Madonna, a principiante

A conjugalidade é uma partida que Deus nos pregou, diz a peça de Yasmina Reza. Mas Madonna é uma rapariga que acredita em contos de fadas. Por isso, se ela é rainha da pop, como realizadora será eterna principiante. W. E. (fora de concurso) nasceu, disse ela, do "arrebatamento" pelo amor entre Wallis Simpson e Eduardo VIII, que levou um rei a abdicar do trono. A "maior história de amor do século XX" funciona, em W.E. (iniciais de Wallis e Eduardo), como instigadora do processo de libertação ("viagem espiritual", dirá alguém da pop a querer não parecer alguém da pop) de uma Wallis dos anos 90. O filme cruza-as com o sentido de atmosfera de um teledisco. Pode-se ensaiar o fascínio de Madonna por Wallis, que no seu tempo fez figura de social climber e de usurpadora, como um retrato da forma como a própria cantora foi vista publicamente. Pode-se, até, encaixar Wallis num firmamento pós-feminista associado frequentemente a Madonna. Seria de mais. A fixação do filme é nas superfícies: a vivência nos ambientes rarefeitos do glamour e da decadência, um romantismo saído das páginas das revistas de moda. (Ou é o filme que não consegue deixar a superfície.) O criador de moda Valentino, que veio a Veneza apoiar a sua amiga, viu W.E. e fala em Visconti. Faz sentido, para ele Visconti é décor e moda. Não vale a pena acreditar em histórias da carochinha: a de Madonna-realizadora. Quando lhe perguntaram se, como Wallis, estaria disposta a abandonar a carreira por um homem ou por uma mulher, respondeu: "Acho que consigo ter os dois - ou os três." Não é preciso ser cineasta.
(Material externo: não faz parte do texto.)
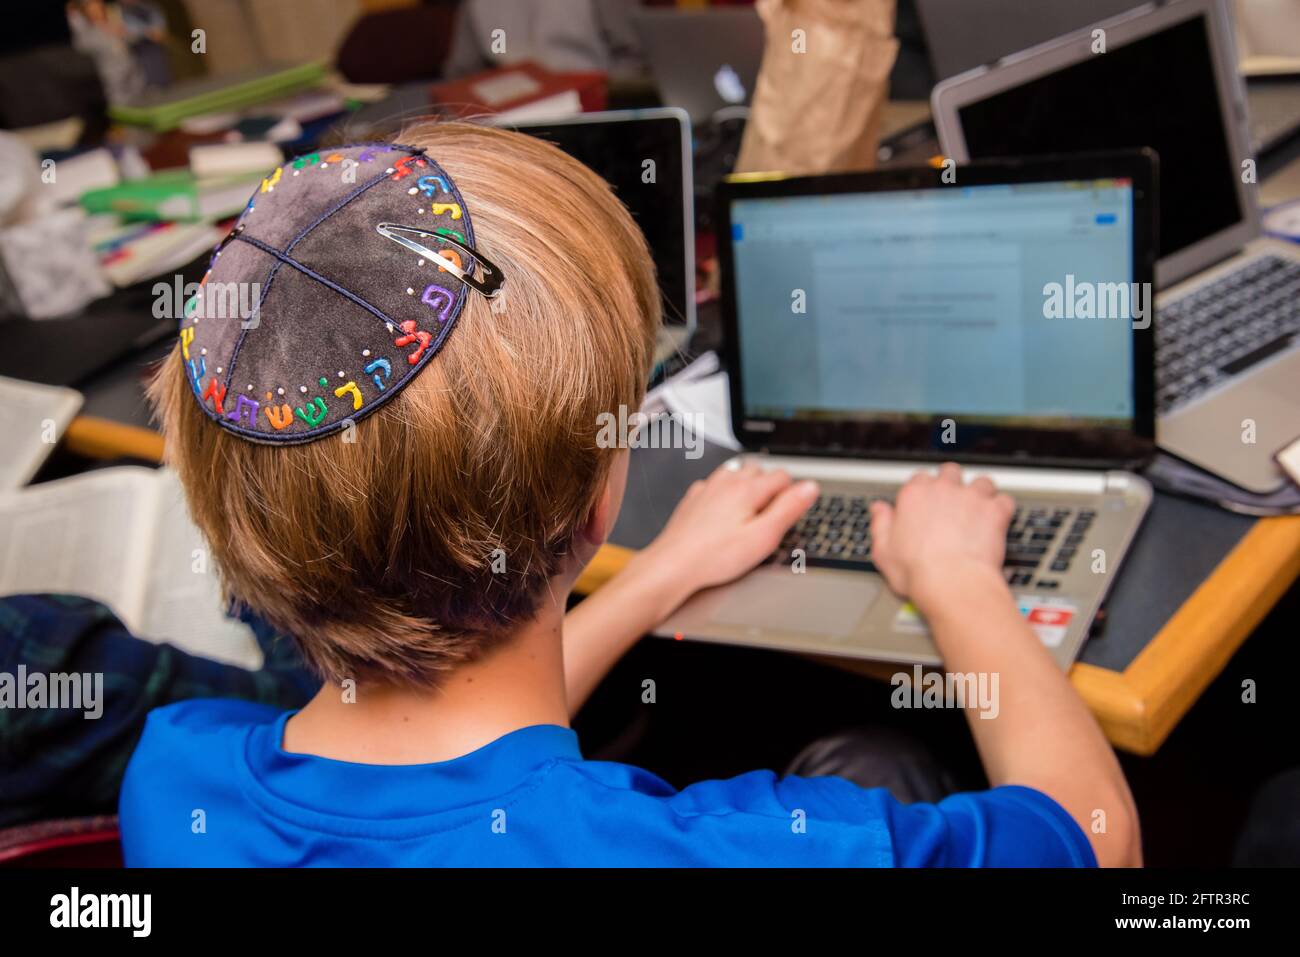 young-jewish-boy-wearing-yarmulke-from-the-back-typing-on-a-keyboard-at-school-2FTR3RC.jpg

Pode-se olhar para Warriors of the Rainbow: Seediq Bale, de Wei Te-Sheng (Taiwan), como uma partida dos programadores da competição. No passado, um filme destes iria para as sessões da meia-noite em que os aficcionados de um certo cinema de acção (de Hong Kong, por exemplo) teriam espaço para o seu guilty pleasure - a essa hora, estaremos menos preparados para dar luta à naiveté. Mas desta vez foi em horário nobre, e quando - cena final - os guerreiros de uma tribo de aborígenes das montanhas taiwanesas, que se sacrificaram no combate contra os ocupantes japoneses (episódio histórico das primeiras décadas do século XX de Taiwan), atravessam uma ponte feita pelo arco-íris no céu, houve quem achasse de mais...

Não foi por acaso que falámos no cinema de Hong Kong. Warriors of the Rainbow: Seediq Bale foi produzido por John Woo, que em tempos, nos seus thrillers dos anos 90, pedia também aos espectadores que suspendessem a descrença. O épico histórico e místico (duas horas e meia) cruza-se com o filme de acção, tem a quota de efeitos digitais, o desplante de uma "comic strip" (material que lhe serviu de base e que lhe ficou no sistema, na montagem, nos enquadramentos) e a eficácia formatada. Quer dizer, é uma forma não prodigiosamente inventiva de ser "cinema popular", já que rola sempre tudo no mesmo sentido - como as cabeças, porque acaba tudo sempre sem cabeça.